Liquid Cooling: Exceeding the Limits of Air Cooling to Unlock Greater Potential in HPC

More than good business practice, reducing energy consumption and heat is the key to computing on a global scale.

XENON Liquid Cooling Case Study thumbnail

Download the XENON Liquid Cooling Case Study

Computer chips have been consistently redesigned to break free of performance bottlenecks. Tapping into highly advanced physics and smaller and smaller processor structures, these silicon wonders continually deliver improved features and capabilities that drive ever more impressive applications of technology. Yet CPU or GPU (coprocessor) performance is not the only system element that can create limitations. While every system component has an impact, power is perhaps the most basic yet essential factor in maintaining performance. More than one think tank predicts that computers will need more power than the world can produce by 2040.

The rising level of power being used also generates a significant and increasing amount of heat which, if not effectively addressed, puts future computing advancements at risk. Adopting an efficient process to remove heat is critical to the design of systems that run more complex, higher resolution, and more advanced applications. Solving this challenge is of particular interest to designers of High-Performance Computing (HPC) clusters. Battling limitations of heat and energy as primary issues, this kind of dense and superior computing architecture must overcome hurdles to reach its full potential in scenarios in artificial intelligence, genomics research, weather modelling, financial services, government, and more. This landscape is where liquid cooling is poised to have significant impact on long-term computing performance as well as broad design strategies.

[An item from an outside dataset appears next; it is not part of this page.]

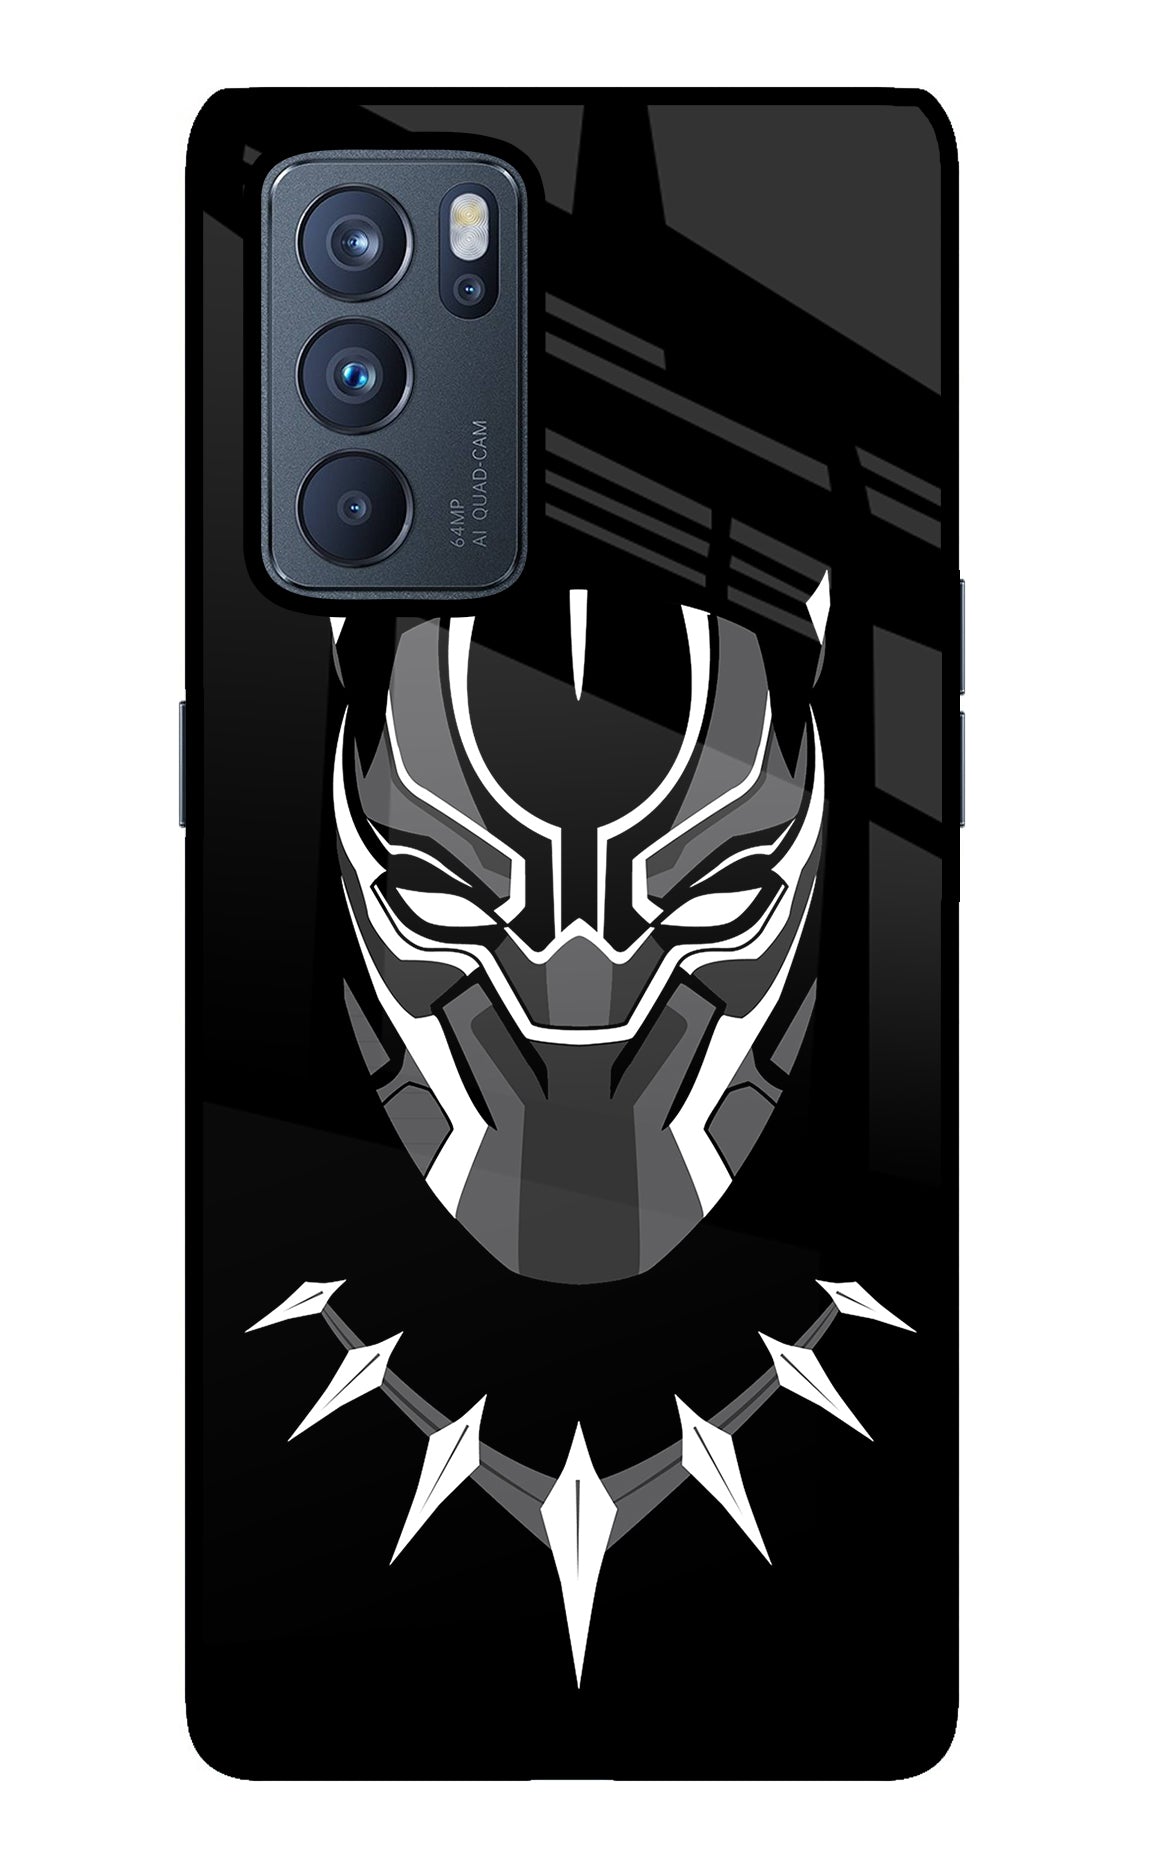 Black Panther Oppo Reno6 Pro 5G Back Cover

What does that mean exactly? Change is on the horizon, as unsustainable power demands are threatening a global infrastructure increasingly reliant on centralised data centre computing resources. The good news is that the right cooling strategies can not only solve the challenge but also keep high density systems performing beyond current thermal limitations – resulting in improved efficiency, extra computing horsepower, and reduced costs.

CPU IMPACT ON THERMAL INGENUITY

Moore’s Law predicts the doubling of compute power, essentially by doubling the amount of energy that is pushed through CPUs. A decade ago, 100 watts per CPU was devastating to thermal design. Today, Intel’s highest performing CPUs (e.g. Intel Cascade Lake-AP 9282 processor) have a thermal design envelope of 400 watts. There really is no end in sight, and accommodating more power is critical to advancing performance. The ability to dissipate the resulting heat is the hard ceiling that systems face in terms of performance – giving greater importance to liquid cooling breakthroughs.

With liquid cooling, less energy is expended to cool systems – a significant savings in HPC deployments with arrays of servers drawing energy and generating heat. Electrical current drives the CPU and enables it to function. This electrical power is converted into thermal energy (heat). To maintain a stable temperature, the CPU needs to be cooled by efficiently removing this heat and releasing it. Liquid cooling is the best way to cool a system because liquid transfers heat much more efficiently than air. From an environmental perspective, liquid cooling reduces both those characteristics to create a smarter and more ecological approach on a grand scale. The cascade of value continues, as ambient heat removed from systems can then be used to heat buildings and augment or replace traditional heating systems.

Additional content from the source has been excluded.